The BBC and ITV's joint streaming service BritBox has launched in the UK this week, after signing deals with Channel 4, BT and Samsung. Here, industry experts give their reaction, alongside tweets from the public.

Gregor Chalmers, Group AV Director, The Specialist Works

The long-awaited arrival of BritBox is great news for consumers and us as an industry and is very much another step in the “content is king” journey. In an increasingly fragmented and cluttered market the ability to show unique value to the customer is going to be key, whether that be via exclusive content or hardware tie ins (see Apple TV+).

By bringing on board a range of partners including C4 and BT, BritBox is ensuring it launches fully baked which might help it catch up to more established rivals.

The main hurdle will be persuading consumers who already have one or more paid for streaming service that this is worth the additional cost, or worth ditching one of their current suppliers to accommodate.

With traditional TV viewing habits changing, most prominently amongst younger viewers, the hope will be that the lure of great content can encourage subscriptions and help showcase the wonderful content PSBs create every year.

Anne Tucker, Head of Research, Mediatel Group

When Apple TV+ launched its subscription service last week it was with much fanfare, with promotional stars popping up on chat show sofas everywhere and with every bus in London seemingly emblazoned with the flagship shows.

BritBox, meanwhile, has launched in such a very British way, sneaking in quietly through the back door, almost apologetically, with no real advance notice for consumers.

It will be an interesting marketing proposition to sell a subscription to watch TV programmes to the UK population who could have effectively watched the same shows free on their respective players if they’d been quick enough.

However, the quality of UK programming from the BBC, ITV and Channel 4 does deserve a price tag, but communicating that to a population used to getting content for free will be a clever task.

Kat Willox, Director of Paid Media, VaynerMedia London

While BritBox will be a small yet significant addition to the paid VOD market, there will always be a place for advertising in ITV’s offering and the wider sector. As the VOD landscape continues to become more complex with Disney and Apple also entering the market, consumers will choose which shows to watch on free-to-air and keep their on demand subscription for those that offer the most binge worthy, exclusive viewing.

Diversity in the VOD sector increases the opportunities that advertisers have to connect with their audience, which is exciting for such an impactful, highly trusted and increasingly trackable medium.

We are already seeing creative ways to personalise ads so they resonate with particular shows and audiences, and the potential for innovation in this area is really exciting.

More eyeballs and more players should keep costs low, and when programmatic buying for VOD improves, things will move really quickly.

Fergus Hay, CEO and Partner, Leagas Delaney

On the face of it this is a defensive move to aggregate British broadcasting so that they are not eliminated by American powerhouses but it also shows a smart leapfrog over the current market dynamic. The category was built by addressing an unmet consumer need - Netflix built such a valuable business by being the first to offer one consolidated platform for on demand content.

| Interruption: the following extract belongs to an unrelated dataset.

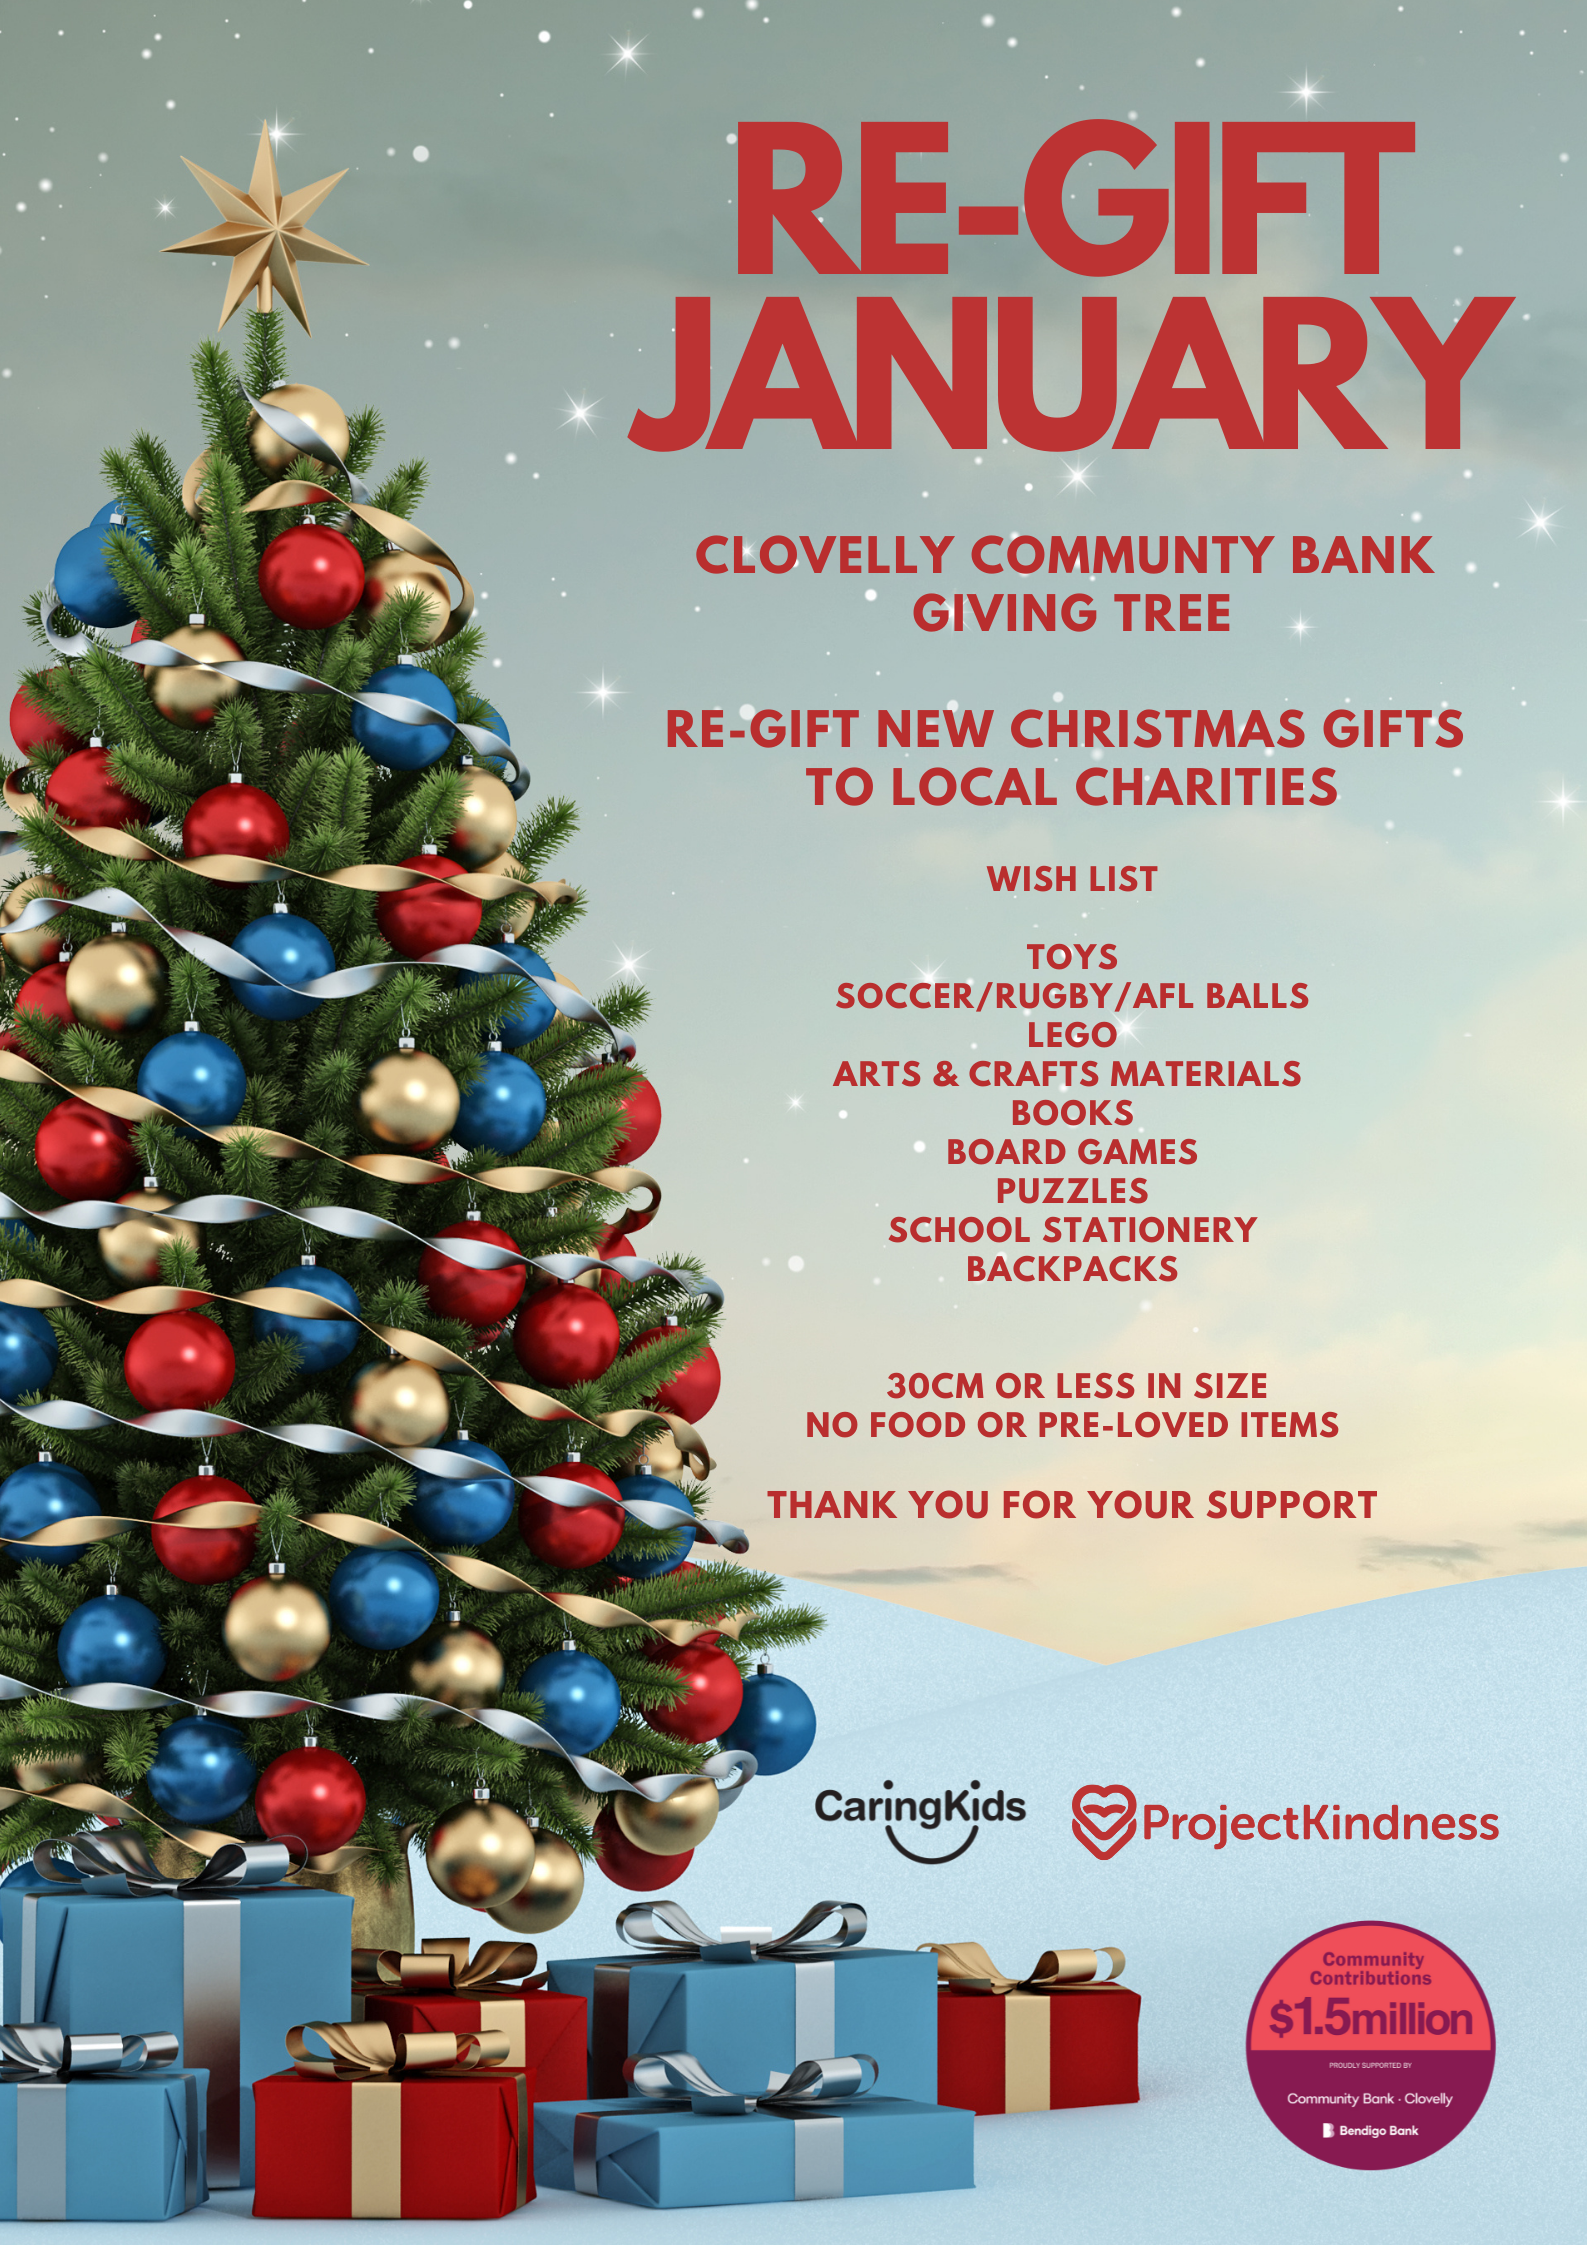 Re-Gift your Christmas toys in January at the Clovelly Community Bank

Disney, Amazon and others have since launched their own platforms thus ironically sending the market backwards into a fragmented service offering that doesn’t benefit the consumer: multiple subscriptions across multiple platforms that force platform first mentality when consumers want content first with one entry point. The launch of BritBox is a small but important step back towards consolidation in the interests of consumers.

But this is a transitional moment: expect more consolidation via over the top offerings that address the consumer need for single access.

Luke Bozeat, COO, MediaCom UK

With the launch of BritBox, Britain’s ‘traditional’ broadcasters enter the VOD market armed with an affordable price point, and a combination of exclusive new and classic shows that appeal to multiple generations. The eagerly awaited move is a clear attempt to be a competitor to the likes of Netflix, Amazon Prime and Sky’s Now TV, as well as incoming entrants Disney+, HBO Max and many more.

It’s a necessary shift for all four UK broadcasters that have arguably failed to reach younger audiences who consume content on phones, laptops and tablets; Ofcom recently stated that the BBC needs to do “much more” to both attract and retain younger viewers.

Increasingly, Netflix’s dominance is under threat; consumers will carefully pick which service best suits their needs, and they’ll vote with their wallets. But BritBox isn’t alone in the challenge to ensure their content isn’t a case of quantity over quality.

As senior British talent like producer Chris Sussman (whose credentials include Fleabag and Bad Education) are poached by competitors, retaining home-grown talent will be crucial to increasing their share in the streaming sphere. This will only be possible through unmissable programming like hits Killing Eve and The Bodyguard.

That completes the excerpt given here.